Lagos Radiosender "Wazobia FM"
Alltagsthemen und Afrobeat

Der Radiosender "Wazobia FM" erreicht täglich Millionen Menschen in Nigerias Metropole Lagos. Ein Grund für den Erfolg ist, dass hier die Sprache der normalen Menschen gesprochen wird: Pidgin-Englisch. Inzwischen folgt auch die BBC dem Beispiel.

Von Benjamin Weber | 04.06.2018
    Die Redaktion des Radiosenders Wazobia FM in Lagos, zwei Männer und zwei Frauen im Sendestudio vor einem Mikro. Der Mann mit der Mütze ist Steve Onu alias Yaw, Moderator bei Wazobia FM
    Die Redaktion des Radiosenders "Wazobia FM" in Lagos (Deutschlandfunk / Benjamin Weber)
    Lagos. 18 Millionen Menschen leben hier, inoffiziell sind es viel mehr. Die größte Stadt Nigerias ist auch ein großer Radiomarkt - nicht nur, weil die Lagosians jeden Tag ewig im Stau stehen. Radio ist in Nigeria nach wie vor stark. In Lagos allein senden 34 Radiosender. Einer der meistgehörten ist Wazobia FM.
    Im Studio: Wazobia FM sendet seit 2007. Steve Onu - Künstlername: Yaw - ist als Moderator von Anfang an dabei. In Lagos ist Yaw ein Star.
    "Wazobia setzt sich aus drei Wörtern zusammen: Wa ist Yorubua, Zo ist Haussa und Bia ist Igbo. Und alles bedeutet: Komm."
    Radio auf Pidgin - die Sprache der normalen Leute
    Yoruba, Hausa und Igbo - das sind neben der Amtssprache Englisch die drei größten Sprachen in Nigeria. In dem Staat, in dem verschiedene ethnische Gruppen ganz unterschiedlicher Religionszugehörigkeiten zusammen leben, existieren insgesamt über 500 Sprachen.
    "Um hier wirklich kommunizieren zu können, musst du eine Sprache sprechen, die jeder versteht. Pidgin-Englisch ist da ein starker Faktor.

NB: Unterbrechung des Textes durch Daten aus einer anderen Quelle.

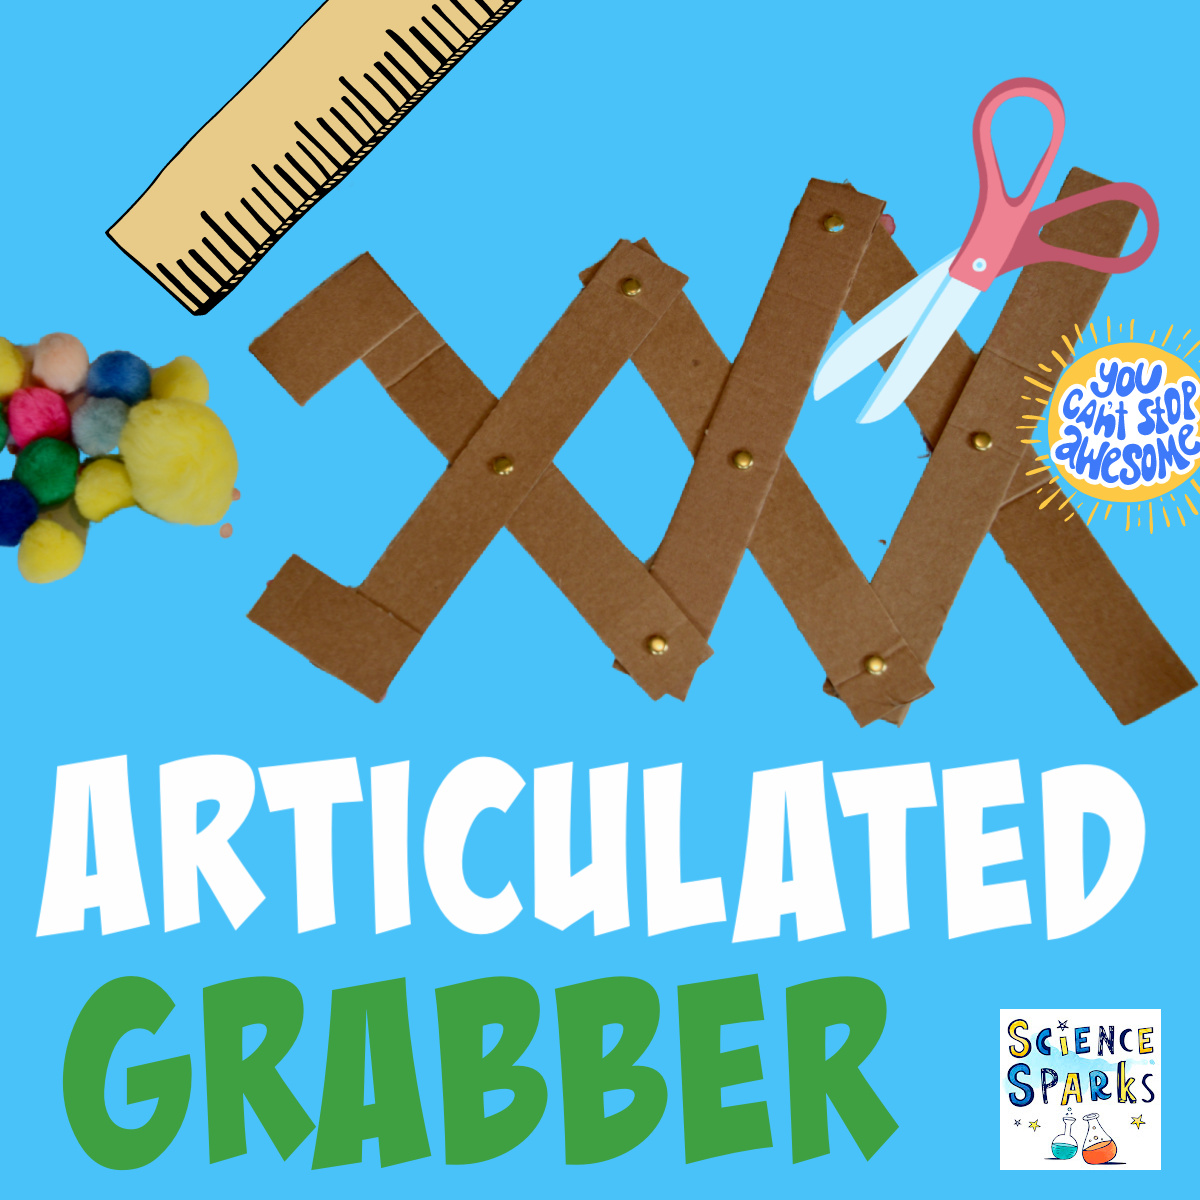 Image of an articulated grabber made from cardboard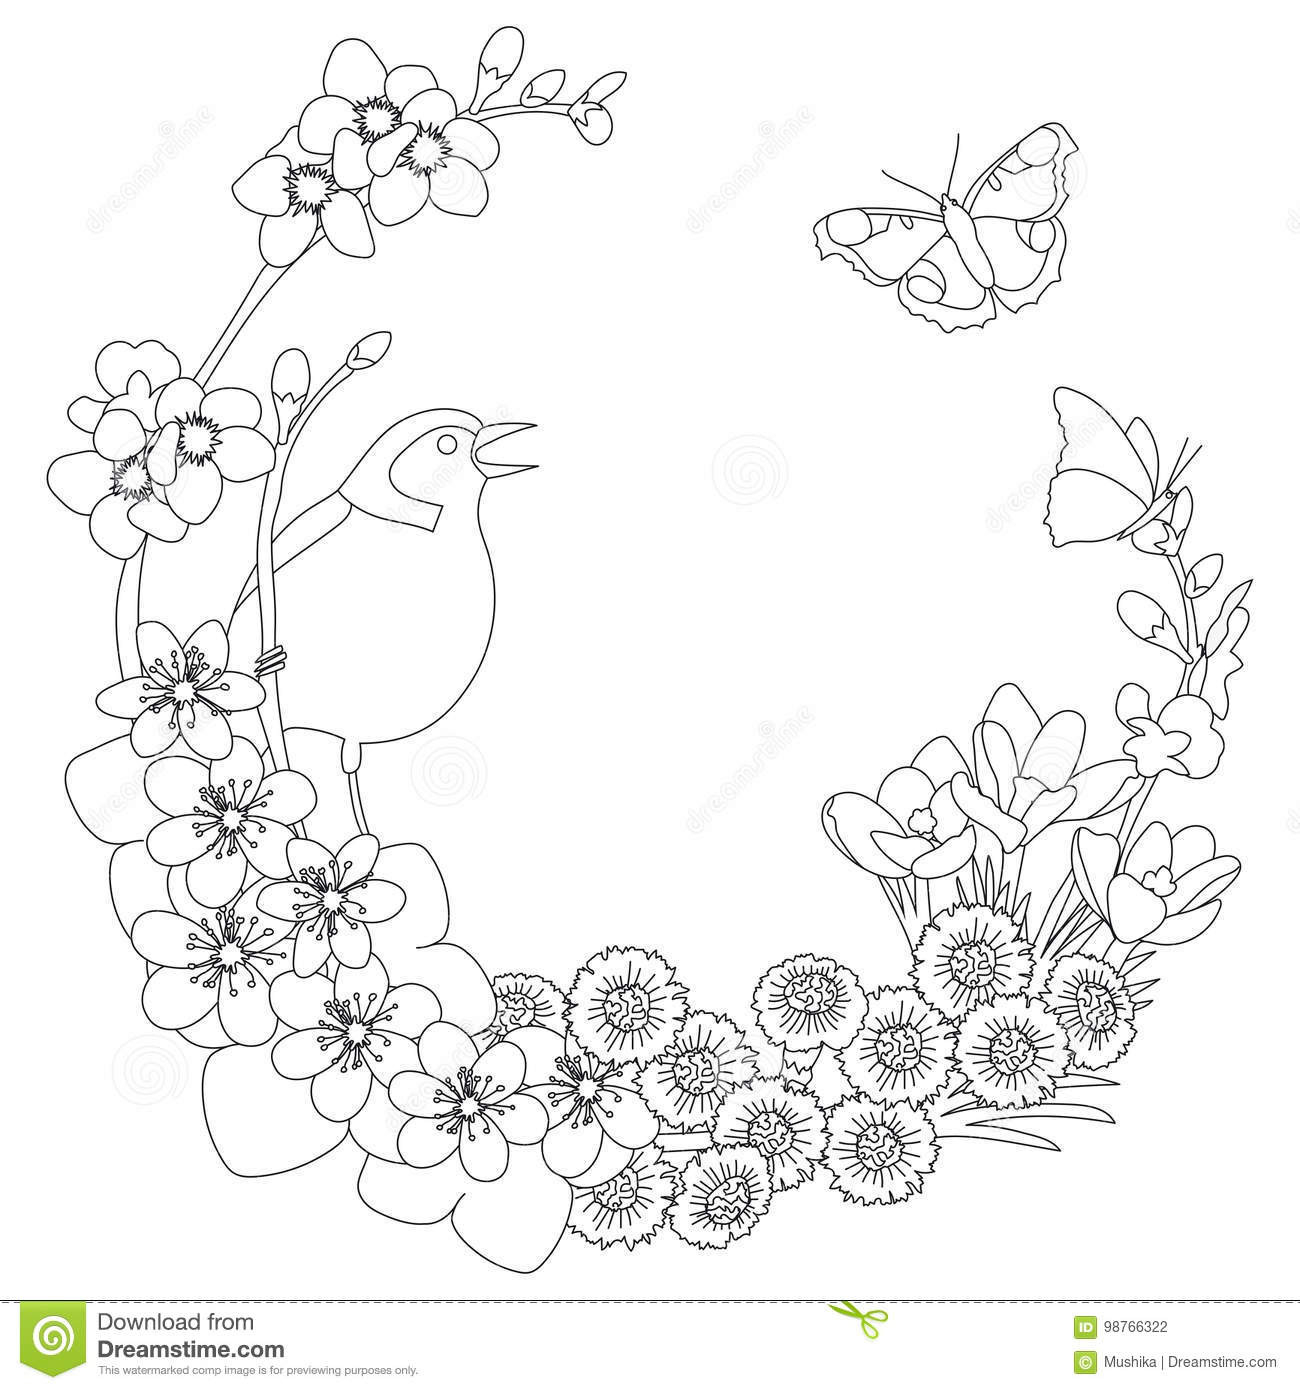 Butterfly Outline Coloring Page Unique Butterfly Outline Coloring Sheet Cleanty

Denn Pidgin ist hier einfach überall."
    Wazobia sendet auf Pidgin. Das Nigeria Pidgin English basiert auf dem Englischen, hat eine vereinfachte Grammatik, bezieht sein Vokabular aus den verschiedenen hier gesprochenen Sprachen und ist weit verbreitet.
    Pidgin ist ursprünglich als Handelssprache entstanden und wurde vor allem zu Kolonialzeiten wichtig. Historisch gesehen ist es eine Sprache der normalen Leute. Für die Radiomacher ein Vorteil. Auf Pidgin trauen sich die Leute viel eher, das zu sagen, was sie denken. Von Social Media bis zum klassischen Call In - Wazobia bezieht die Hörer ein.
    "Egal, welches Thema wir besprechen, die Leute rufen an, um mitzureden. Bei uns haben sie die Möglichkeit, sich ganz normal zu äußern, denn im Gegensatz zu den englischsprachigen Sendern müssen sie hier keine Angst haben, Fehler zu machen, wenn sie Englisch sprechen, denn bei uns ist nur Pidgin angesagt."
    30 Prozent Marktanteil
    Es sind alltägliche Probleme, die Wazobia mit seinen Hörern bespricht, politische Fragen zu Armut, Bildung, Gesundheit und bad governance werden diskutiert. 2019 wird in Nigaria gewählt. Schon jetzt ruft Wazobia dazu auf, sich für die Wahlen zu registrieren.
    Hintergrundgespräch beim CEO Serge Noujaim. Finanziert wird Wazobia durch Werbung - neun Minuten pro Stunde in vier Blöcken - und durch Sponsoring. Die aktuelle Umfragen gestützte Media-Analyse ist gerade eingetroffen, Wazobia liegt mit knapp 30 Prozent Marktanteil in Lagos auf dem dritten Platz. Normal, sagt Noujaim, ist eigentlich Platz eins.
    Weh tut ihm das nicht, die aktuelle Nummer 1 Cool FM gehört auch zur seiner Sendergruppe.
    Wie überall in Nigeria läuft auch bei Wazobia gerade viel moderner Afrobeat. Der Sound der Straße ist Mainstream geworden, wie auch Pidgin mittlerweile eine wichtige Rolle eingenommen hat. Wazobia war 2007 der erste Radiosender auf Pidgin. Längst hat auch die BBC die Ethnien übergreifende Macht der Sprache erkannt und einen eigenen Service auf Pidgin gestartet. Mittlerweile kommuniziert sogar die Regierung um den unbeliebten Präsident Buhari in der populären Pidgin-Sprache. 2019 sind Wahlen - und die Zustimmungswerte sinken.